Correctness and completeness are, both of them, qualities, the union of which is necessary in every aggregate mass of evidence. Of a deficiency in respect of either, deception and consequent misdecision may be the result.
If, on the part of the witness, the testimony be the product of the imagination, instead of the memory,—incorrectness is, in so far, the quality given to it.
If, for want of such helps to which on the particular occasion it may happen to be necessary, recollection fail to bring to view any such real facts as with these helps might and would have been brought to view,—incompleteness in the mass of the evidence is the result.
But, by the same suggestions by which, in case of veracity, memory alone would be assisted and fertilized, it may also happen, and is but too apt to happen, that invention (which, where testimony is in question, is synonymous with mendacity) shall also be set to work, and rendered productive. To administer assistance to recollection, to veracity—to administer, not assistance, but obstruction, to invention, to mendacity,—in these we see two opposite, and, to a first view, irreconcilable, pursuits. How then to reconcile them? or, at any rate, to do what is possible to be done towards it? In this question may be seen a problem, the solution of which is no less conspicuous for its difficulty than for its importance.
The first point to be considered is, the natural opposition between the two ends. In the instance of any arrangement by which recollection is assisted, how natural, if not necessary and unavoidable, it is, that mendacious invention should receive assistance likewise? In the instance of any arrangement by which mendacious invention is obstructed, how natural, if not necessary, it is, that recollection should be subjected to interruption likewise?
From the observation of these several relations, results the following practical inference:—
To put a negative upon the use of an arrangement designed for the assistance of honest recollection, it is not sufficient to say, “Nay—for so it may happen, that mendacious invention shall moreover be served by it.” So again—
To put a negative upon the use of an arrangement designed for the obstruction of mendacious invention, it is not sufficient to say, “Nay—for so it may happen, that honest recollection shall moreover be obstructed by it.”

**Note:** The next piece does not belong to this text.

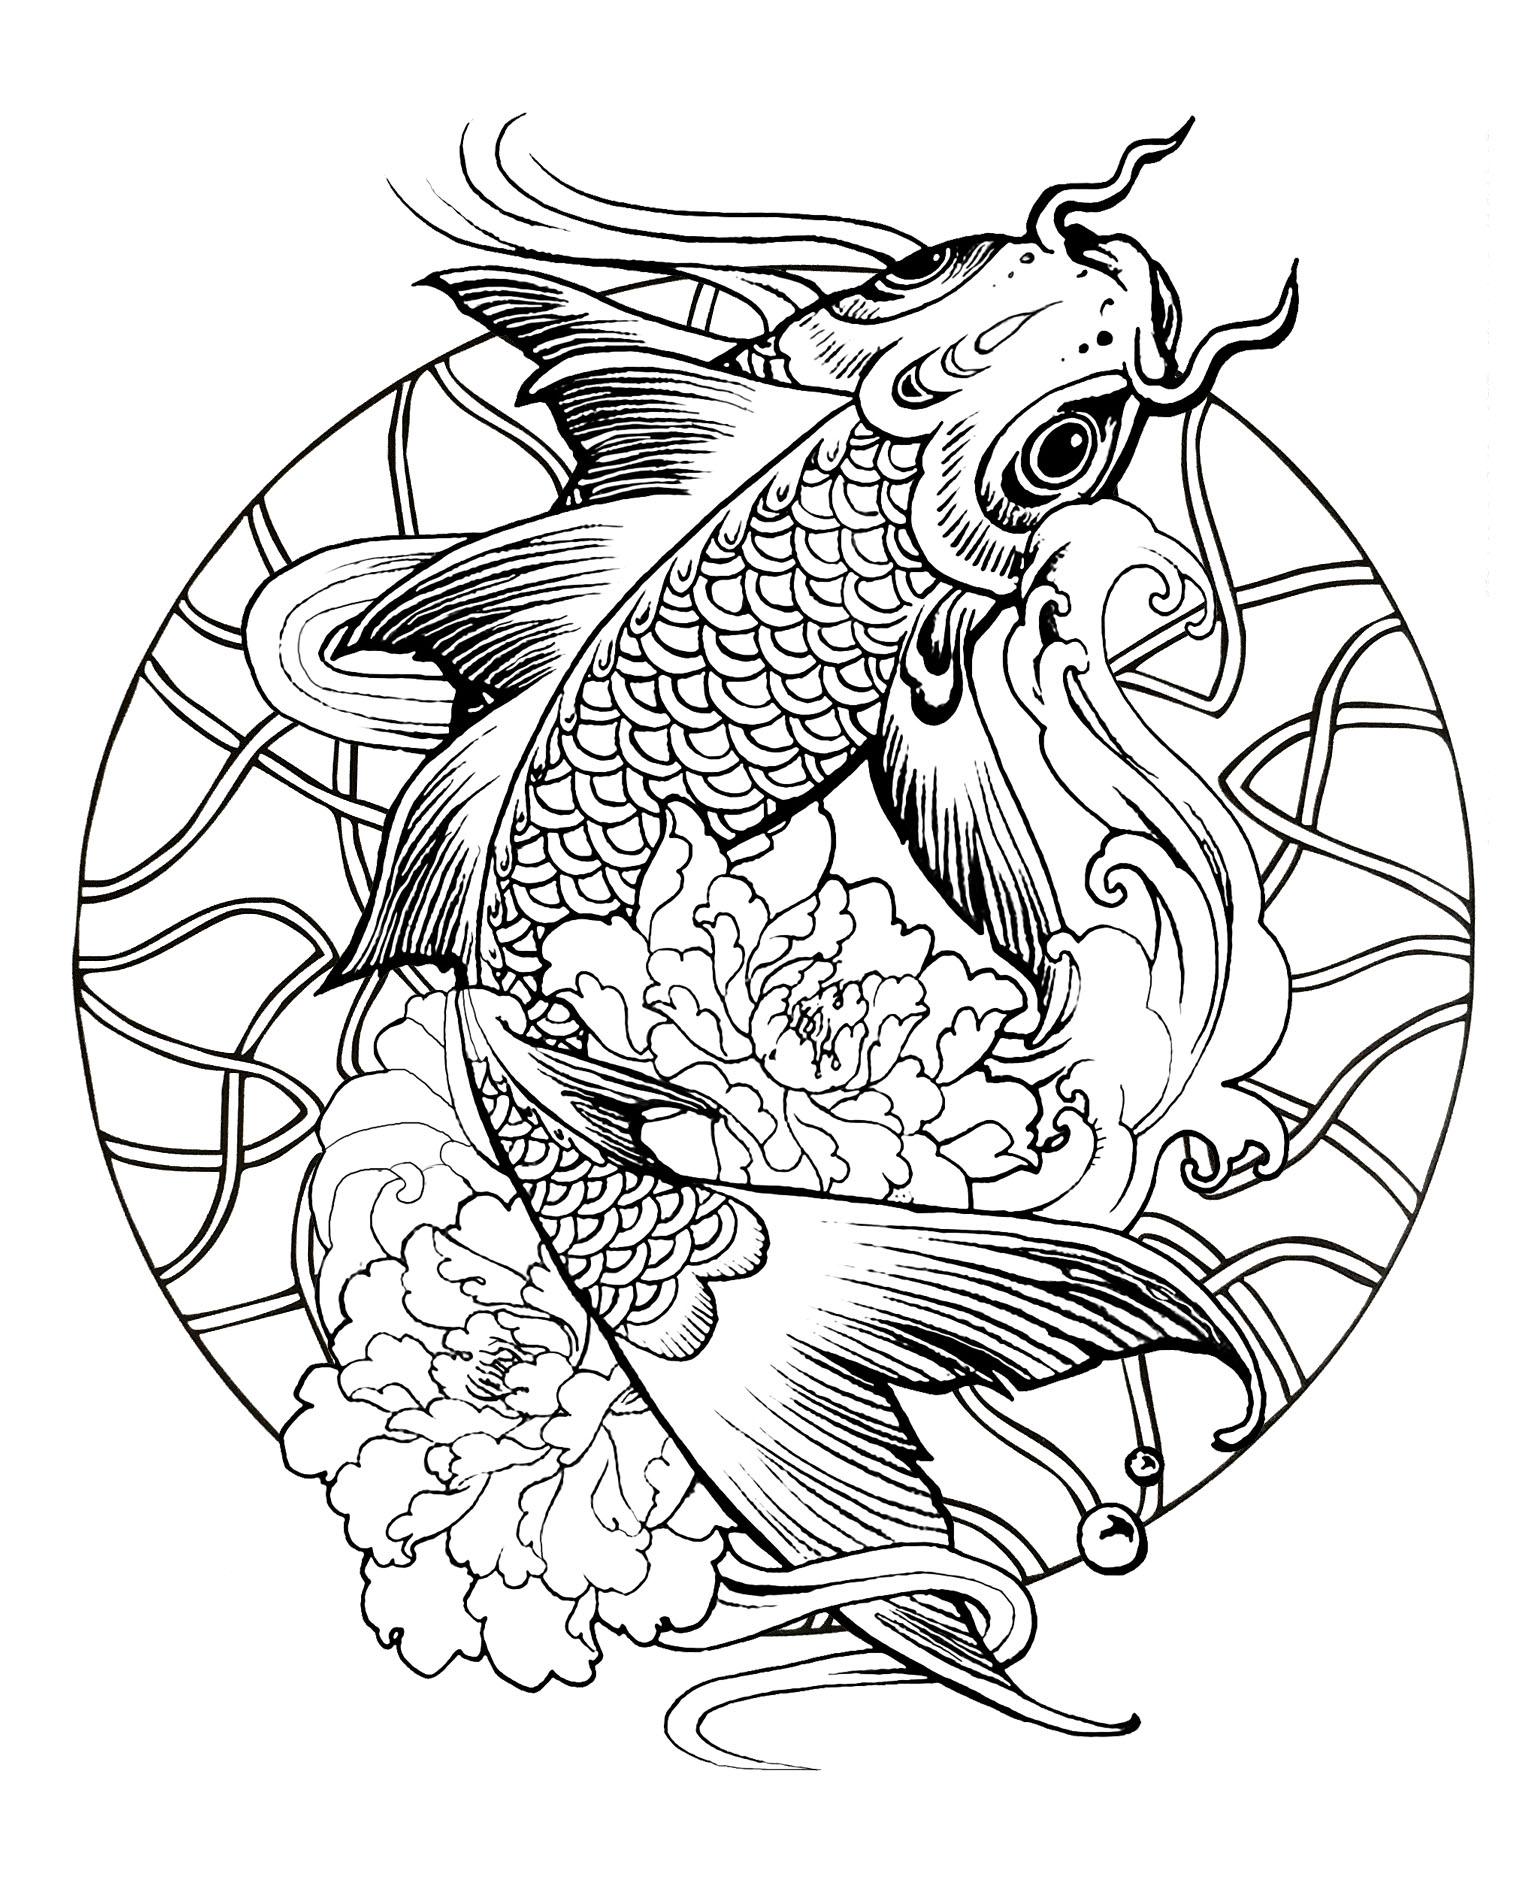 Mandalas 37734 mandalas disegni da colorare per adulti - Pagine da colorare pesci per adulti ...

In each case, the question will be, on what side is the preponderant probability in regard to deception: be the measure a measure of assistance or a measure of obstruction, is it by the adoption or the rejection of it that deception is most in danger of being produced? For (except with relation to that effect), whether recollection be or be not obstructed, whether invention be or be not employed, is, with relation to the individual cause in hand, a matter of indifference. I say, with relation to the individual cause in hand, for, to the general interests of morality, whether mendacious invention be or be not practised, can never be a matter of indifference.
The next point to be considered is, how far the nature of things admits of the throwing obstacles in the way of mendacious invention. For, wherever things are so circumstanced that the offering of any effectual obstruction to mendacious invention is either of itself impossible, or not possible by any means that will not, in an equal or superior degree, have the effect of depriving recollection of the helps necessary to the completeness and correctness of the testimony,—then one of the two pursuits, viz. obstruction of invention, ought clearly to be abandoned.
Antecedently to the delivery of the interrogatories to the proposed deponent—or at least (when the proposed deponent is made a defendant in the cause, and the cause is such as to warrant his commitment to provisional safe custody)—antecedently to the moment of his arrestation,—all the powers of government are insufficient to keep from him whatsoever time for mendacious invention he may have thought proper to employ. In the case of the malâ fide suitor, whether plaintiff or defendant, from the moment of his delinquency, or rather from the moment of his beginning to form the plan of delinquency—in the case of the malâ fide and mendacious witness, from the moment in which he has reason to expect that his testimony will be called for—his thoughts will with more or less assiduity be employed in the task of mendacious invention.
On this occasion, among the tasks given to his imagination will be the representing to him such adverse questions, as, when the time comes for the delivery of his testimony (willing or unwilling,) may be expected to be propounded to him on the part of his adversary or adversaries: and it is only in so far as his imagination has failed of executing the task to perfection, that it will be possible for him to be taken unprepared—that it will be possible for his answer to have been unpremeditated.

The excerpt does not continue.